- [What you need to do]: Print out the entries, word for word.

_ _ _ _ _ _ _

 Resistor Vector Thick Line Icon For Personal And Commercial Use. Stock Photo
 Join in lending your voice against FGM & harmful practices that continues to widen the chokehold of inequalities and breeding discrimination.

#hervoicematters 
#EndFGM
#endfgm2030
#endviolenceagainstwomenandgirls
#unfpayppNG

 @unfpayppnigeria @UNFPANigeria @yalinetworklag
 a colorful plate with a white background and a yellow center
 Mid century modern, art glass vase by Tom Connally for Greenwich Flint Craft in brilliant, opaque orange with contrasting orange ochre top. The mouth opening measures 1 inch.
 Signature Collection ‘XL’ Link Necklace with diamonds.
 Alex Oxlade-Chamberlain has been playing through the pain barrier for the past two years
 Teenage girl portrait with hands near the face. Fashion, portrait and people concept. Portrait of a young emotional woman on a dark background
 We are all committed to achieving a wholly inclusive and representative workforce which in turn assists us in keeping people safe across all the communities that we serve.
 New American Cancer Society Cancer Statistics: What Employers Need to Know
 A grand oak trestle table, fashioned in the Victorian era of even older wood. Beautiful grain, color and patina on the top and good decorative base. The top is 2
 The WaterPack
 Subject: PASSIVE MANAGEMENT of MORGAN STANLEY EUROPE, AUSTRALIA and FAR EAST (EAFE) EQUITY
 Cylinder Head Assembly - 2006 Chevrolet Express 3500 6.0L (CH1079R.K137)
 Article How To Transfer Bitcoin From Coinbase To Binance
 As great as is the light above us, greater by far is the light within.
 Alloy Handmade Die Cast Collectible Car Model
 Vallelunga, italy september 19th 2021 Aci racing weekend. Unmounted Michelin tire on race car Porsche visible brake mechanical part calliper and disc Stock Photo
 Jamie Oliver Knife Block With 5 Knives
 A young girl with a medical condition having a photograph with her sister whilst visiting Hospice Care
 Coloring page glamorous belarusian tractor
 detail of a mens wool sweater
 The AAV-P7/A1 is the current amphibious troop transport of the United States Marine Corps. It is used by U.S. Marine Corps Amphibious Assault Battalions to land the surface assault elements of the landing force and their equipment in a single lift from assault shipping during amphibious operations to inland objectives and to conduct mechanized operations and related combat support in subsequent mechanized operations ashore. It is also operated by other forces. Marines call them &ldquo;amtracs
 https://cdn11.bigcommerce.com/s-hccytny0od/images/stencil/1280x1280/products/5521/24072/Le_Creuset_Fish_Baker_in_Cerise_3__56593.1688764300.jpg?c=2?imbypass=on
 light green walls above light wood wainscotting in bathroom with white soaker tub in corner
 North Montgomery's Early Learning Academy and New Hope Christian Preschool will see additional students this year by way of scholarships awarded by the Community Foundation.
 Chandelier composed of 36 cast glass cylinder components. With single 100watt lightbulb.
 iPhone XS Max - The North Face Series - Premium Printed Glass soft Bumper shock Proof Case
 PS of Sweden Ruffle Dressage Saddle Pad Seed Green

_ _ _ _ _ _ _

- [Finished task]:
 Resistor Vector Thick Line Icon For Personal And Commercial Use. Stock Photo
 Join in lending your voice against FGM & harmful practices that continues to widen the chokehold of inequalities and breeding discrimination.

#hervoicematters 
#EndFGM
#endfgm2030
#endviolenceagainstwomenandgirls
#unfpayppNG

 @unfpayppnigeria @UNFPANigeria @yalinetworklag
 a colorful plate with a white background and a yellow center
 Mid century modern, art glass vase by Tom Connally for Greenwich Flint Craft in brilliant, opaque orange with contrasting orange ochre top. The mouth opening measures 1 inch.
 Signature Collection ‘XL’ Link Necklace with diamonds.
 Alex Oxlade-Chamberlain has been playing through the pain barrier for the past two years
 Teenage girl portrait with hands near the face. Fashion, portrait and people concept. Portrait of a young emotional woman on a dark background
 We are all committed to achieving a wholly inclusive and representative workforce which in turn assists us in keeping people safe across all the communities that we serve.
 New American Cancer Society Cancer Statistics: What Employers Need to Know
 A grand oak trestle table, fashioned in the Victorian era of even older wood. Beautiful grain, color and patina on the top and good decorative base. The top is 2
 The WaterPack
 Subject: PASSIVE MANAGEMENT of MORGAN STANLEY EUROPE, AUSTRALIA and FAR EAST (EAFE) EQUITY
 Cylinder Head Assembly - 2006 Chevrolet Express 3500 6.0L (CH1079R.K137)
 Article How To Transfer Bitcoin From Coinbase To Binance
 As great as is the light above us, greater by far is the light within.
 Alloy Handmade Die Cast Collectible Car Model
 Vallelunga, italy september 19th 2021 Aci racing weekend. Unmounted Michelin tire on race car Porsche visible brake mechanical part calliper and disc Stock Photo
 Jamie Oliver Knife Block With 5 Knives
 A young girl with a medical condition having a photograph with her sister whilst visiting Hospice Care
 Coloring page glamorous belarusian tractor
 detail of a mens wool sweater
 The AAV-P7/A1 is the current amphibious troop transport of the United States Marine Corps. It is used by U.S. Marine Corps Amphibious Assault Battalions to land the surface assault elements of the landing force and their equipment in a single lift from assault shipping during amphibious operations to inland objectives and to conduct mechanized operations and related combat support in subsequent mechanized operations ashore. It is also operated by other forces. Marines call them &ldquo;amtracs
 https://cdn11.bigcommerce.com/s-hccytny0od/images/stencil/1280x1280/products/5521/24072/Le_Creuset_Fish_Baker_in_Cerise_3__56593.1688764300.jpg?c=2?imbypass=on
 light green walls above light wood wainscotting in bathroom with white soaker tub in corner
 North Montgomery's Early Learning Academy and New Hope Christian Preschool will see additional students this year by way of scholarships awarded by the Community Foundation.
 Chandelier composed of 36 cast glass cylinder components. With single 100watt lightbulb.
 iPhone XS Max - The North Face Series - Premium Printed Glass soft Bumper shock Proof Case
 PS of Sweden Ruffle Dressage Saddle Pad Seed Green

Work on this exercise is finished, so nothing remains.